No, parents can control the property of minors in that way. This isn't my area of law, so my knowledge is limited. There is something called the Uniform Transfers to Minors Act that deals with some ownership issues relating to minors. For example, if a minor comes into possession of a large amount of money (through an inheritance or insurance policy or something), then a court may have to be involved for a parent to deal with those assets (they may be held in trust, the court may appoint someone, or whatever). But for that to happen, you'd probably need to be looking at a minimum of $10K or $20K to trigger those rules. If your kid buys an iPhone with their own money, and then you ground them and take it away from them, you're not going to have any problems


----------



## Caged Maiden (Mar 23, 2012)

The case I mentioned earlier involved several hundred thousand dollars that was paid to the little girl (because she was his next of kin, as the parents were not married).  Not that that has any bearing on this conversation any more, just thought I'd specify.


----------



## Steerpike (Mar 23, 2012)

Yeah, in that case the courts are going to be involved.

I was appointed as a guardian ad litem for a little girl (five or six) whose father was killed in Iraq. The mother wished to access the life insurance money, but the little girl was the beneficiary, not the mother. I had to represent the interests of the little girl and make sure the mother wasn't just going to waste the proceeds. She wasn't - she and the child needed the money to live on, so I ultimately sided with the mother on the issue. But there still had to be a hearing and the judge had to make a final determination as to whether the mother could access the money that belonged to the little girl.


----------



## Devor (Mar 24, 2012)

Benjamin Clayborne said:


> All righty, I stand corrected. Although I'm still unclear on how that interacts with parental ownership; if I give my kid five bucks, and he buys a magazine, and then I take the magazine without permission, can I be charged with petty theft?

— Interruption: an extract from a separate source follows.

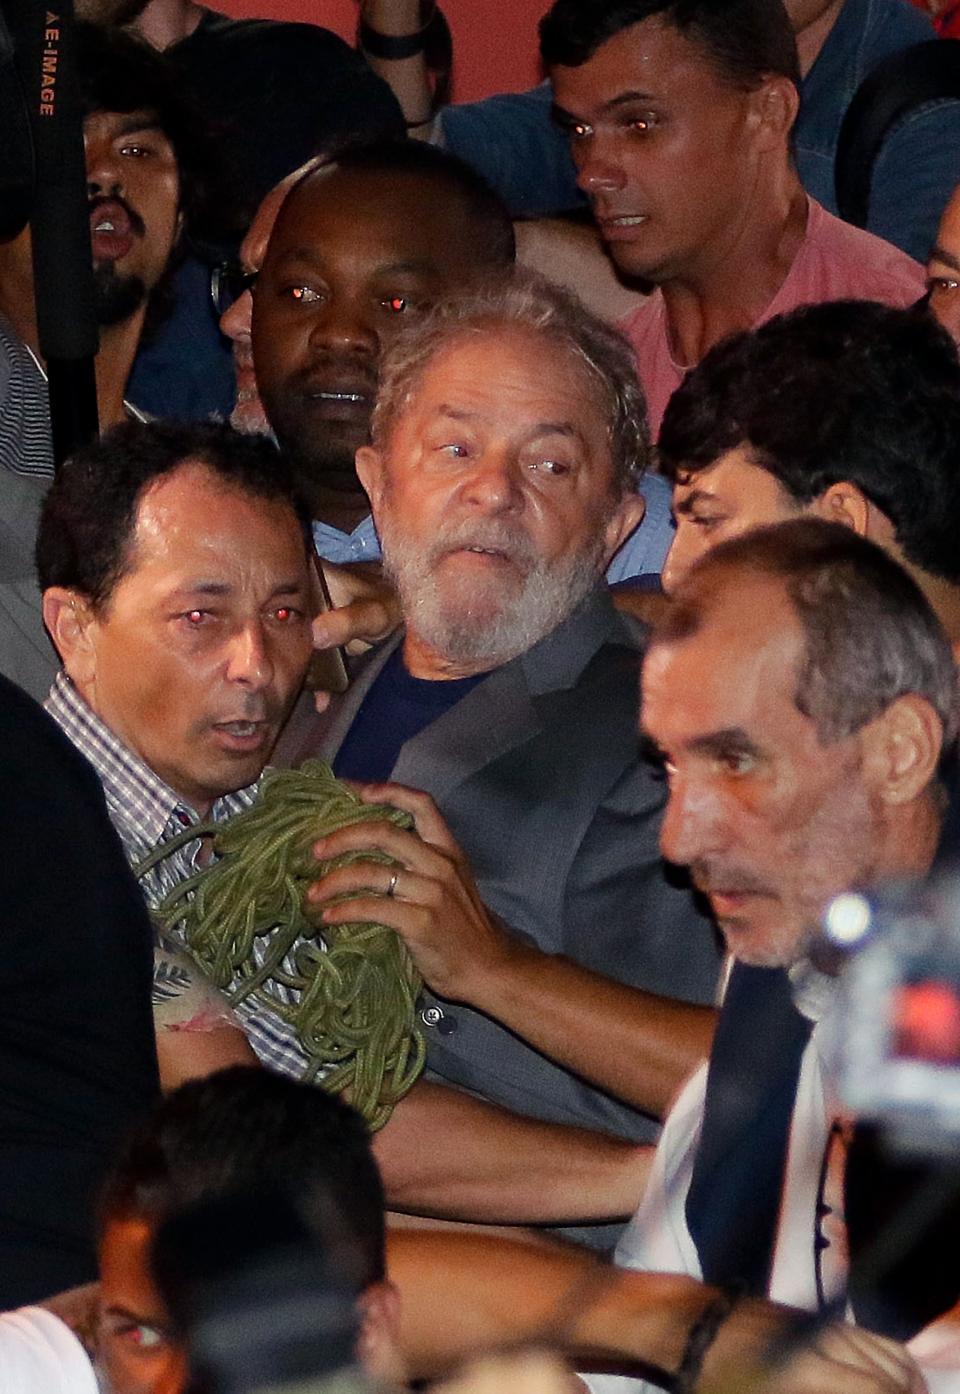 """¡Saldré de esta más fuerte, más  verdadero e inocente!"": Lula da Silva"

Laws for minors are weird.  For instance, in New York a minor may sign a contract, but may also void it at any time.  Some of the big issues have to do with legal presumptions about their ability to offer consent, as well as the ability to really distinguish between the child's property and the adult's.  Typically, for the courts to get involved there has to be paperwork proving that the property belongs to the child and not the parents, such as the name on an account or a deed.

My son has about thirty dollars in stock, and we get quarterly checks for like $0.53 with his name on it - plus my wife's, with the word _Custodian_ in front.  As Custodians we have complete control until he turns 18, even towards selling it and pocketing the dough (_sure_ we'd spend it in his best interest...).  But the level of control would change if the amount got significantly larger.


----------